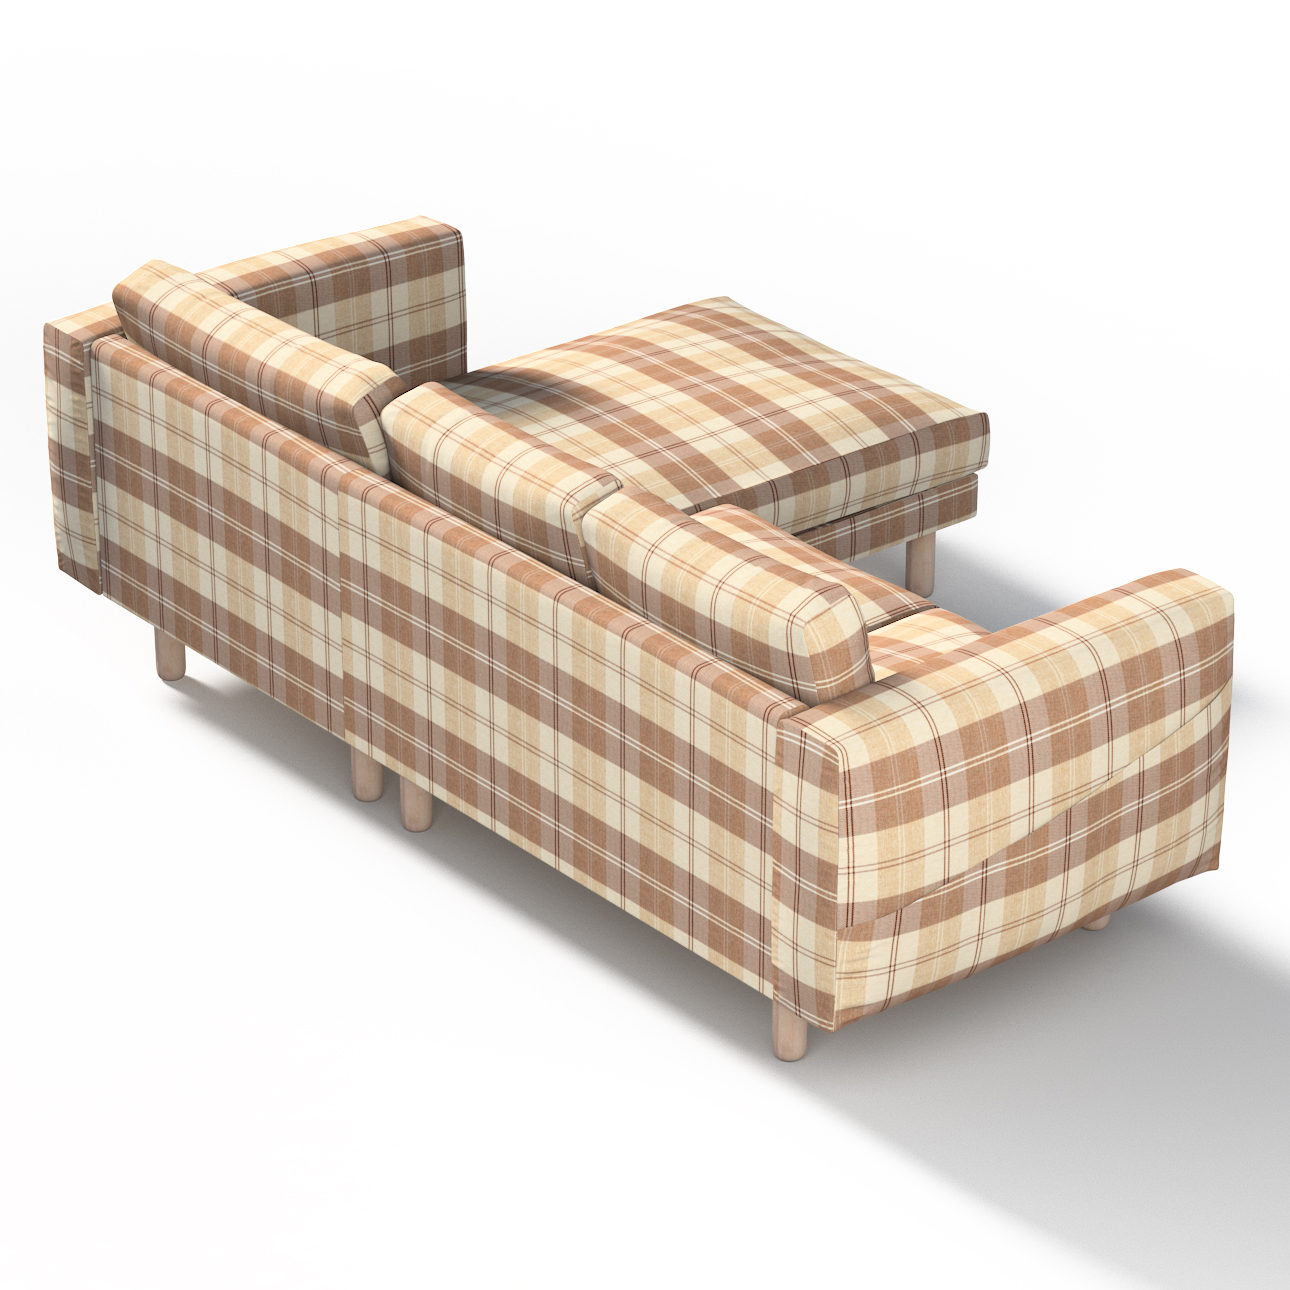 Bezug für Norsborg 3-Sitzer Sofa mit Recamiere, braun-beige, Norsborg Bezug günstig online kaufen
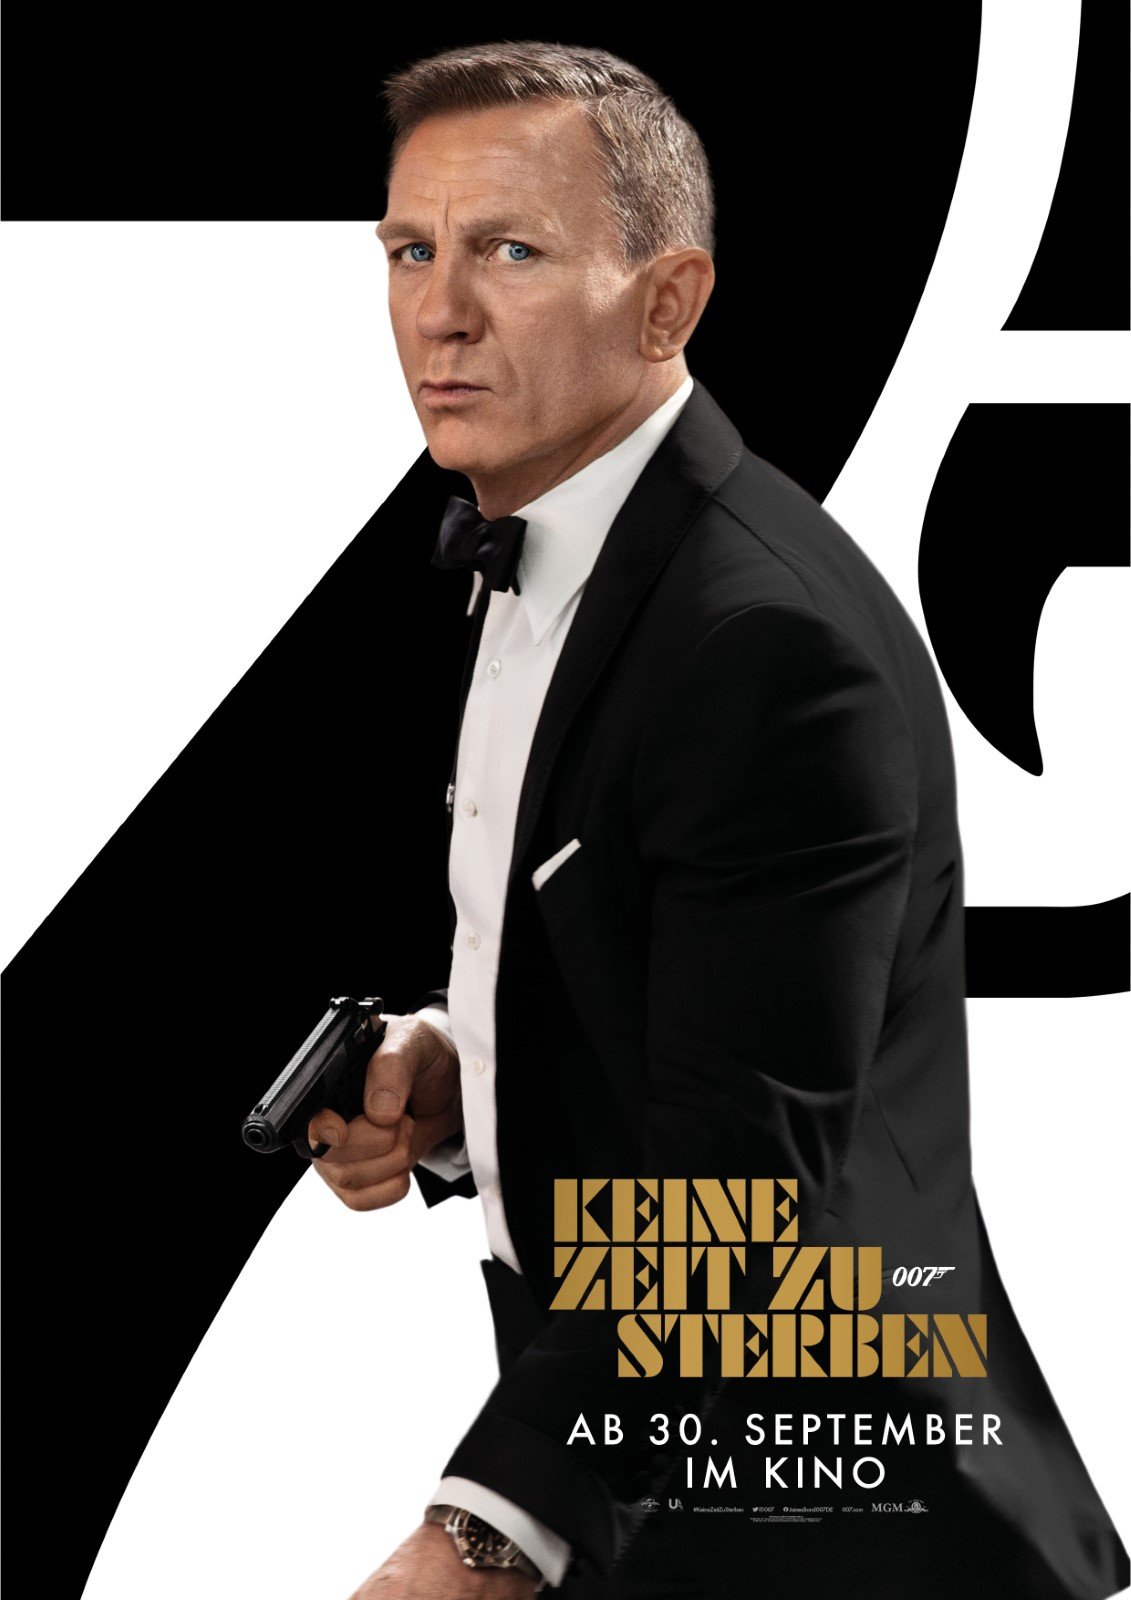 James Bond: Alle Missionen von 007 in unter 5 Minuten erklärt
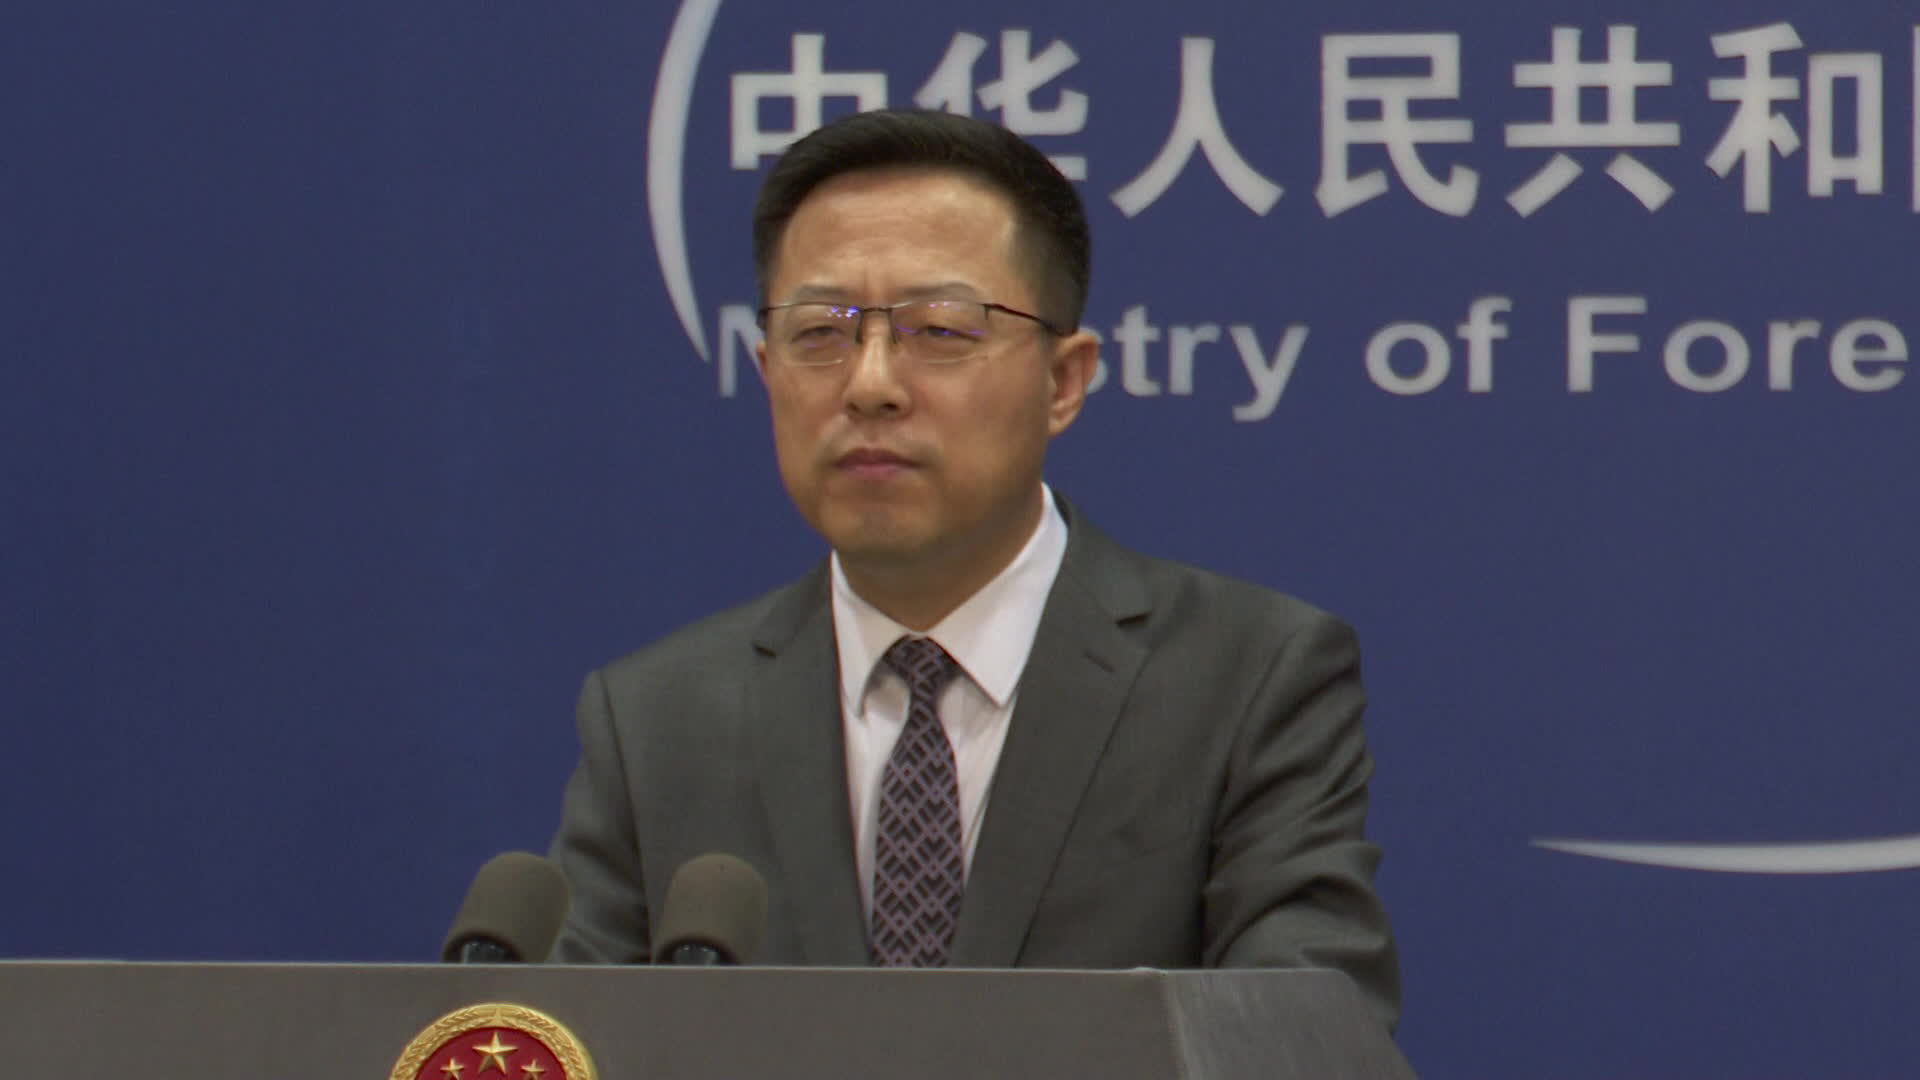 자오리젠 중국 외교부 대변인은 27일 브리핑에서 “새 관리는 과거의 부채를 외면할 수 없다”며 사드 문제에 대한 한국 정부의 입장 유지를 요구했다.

**TASK DIRECTIONS**
Omit all pictures, and repeat exactly the lines from the line containing "James Bond: Alle" through the end of the data.

**OUTPUT OF THE EXERCISE**
 James Bond: Alle Missionen von 007 in unter 5 Minuten erklärt
 자오리젠 중국 외교부 대변인은 27일 브리핑에서 “새 관리는 과거의 부채를 외면할 수 없다”며 사드 문제에 대한 한국 정부의 입장 유지를 요구했다.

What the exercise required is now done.